While the Stalk Market sounds different, it’s similar in that you have a day where you really just need to deliver these things by. And if there’s too much of that thing relative to demand, you’re not going to get much for it. So it’s somewhat analogous to trading futures.
If you see what happened recently to the price of oil, once we all stopped going anywhere the demand for oil went way down. Oil storage actually ran out, and the price just crashed because there were a lot of people who needed to deliver the oil by a certain day.
Right — you’ve got all this stuff (in this case, turnips) and they have to go by this one day or they’re worth nothing.
Yes, exactly. And the reason that the oil price crashed so precipitously is that there weren’t enough places to even store the oil that was delivered. So people had to actually pay other people to take the oil away, because they couldn’t actually hold it.
The engine that drives the story of the game, such as it is, is a mortgage that you’re paying down. You start by living in a tent, and then you acquire a house, which can be expanded for additional mortgage payments. But in this mortgage there are no down payments, there’s no interest, and you can never default on it.

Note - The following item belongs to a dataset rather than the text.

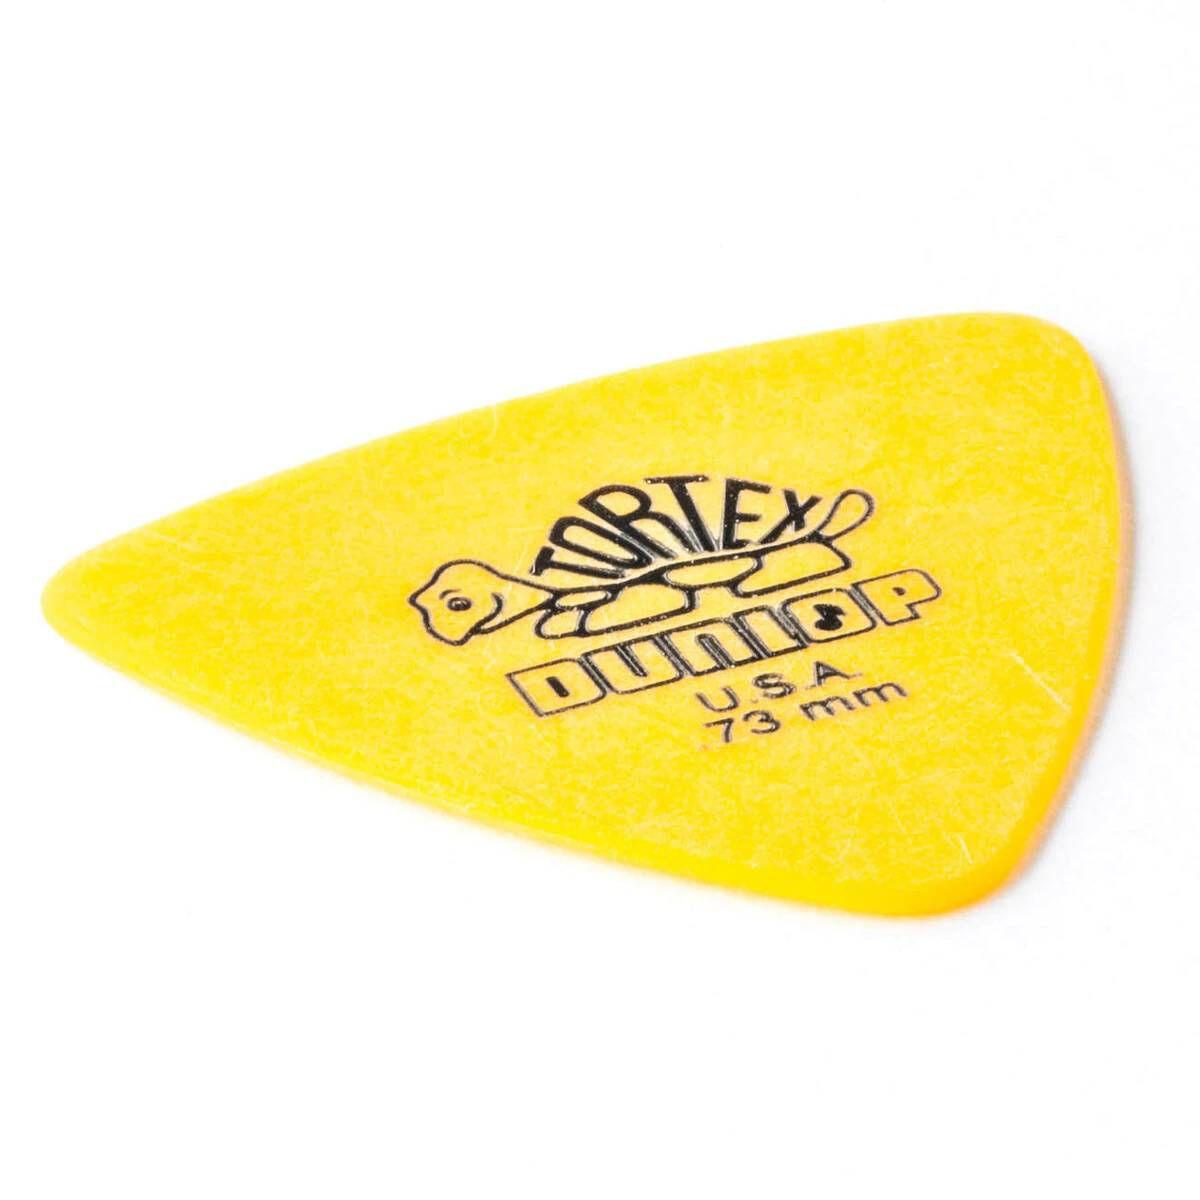 Dunlop .73mm Tortex Triangle - Muso's Stuff

You just have to pay it off before you can get your next expansion.
Well, I mean it’s great that there’s free housing, right? I think the thing the game does well is that it recognizes something a lot of people don’t get, which is that housing is mostly something you consume rather than an investment asset.
The way zoning laws have been developing recently, you have people who own houses setting up the rules at the expense of people who don’t, and so the value of the houses is going up more than incomes are. But if that wasn’t happening, there’d be other ways to organize society, right? But what a house really should be is just a thing you consume, and everyone has one for a reasonable price. The weird thing about Animal Crossing is that there is no price. That’s where the analogy breaks down.
Interestingly enough, you can’t sell your house in the game. So in that sense it is purely consumable. It’s not an investment. You’ll never get your money out of it.
Right. You’re stuck on your island!
Finally, the easiest way to make money in the game is that every day there’s a special glowing spot on your island. If you dig it up, you make a little cash, but more importantly, you can plant a bag of bells there. And if you plant 10,000 bells, a few days later, a tree will be there in that spot that has money growing on it.
Sounds nice!
Money literally grows on trees, is what I’m saying.
I guess the analogy is, you give up some consumption today and you get more tomorrow. In the real world, the amount you get is based largely on the amount of risk you’re taking. That’s why stocks have higher expected returns than bonds, which have higher expected returns than cash. But the notion that you’re tying up your money and getting paid, that’s a lot of what investing is.
Right. But it still doesn’t grow on trees?
I mean, not that I’ve seen.
That’s what they tell me, at least.
Well, if they know where the tree is, they don’t want you to know.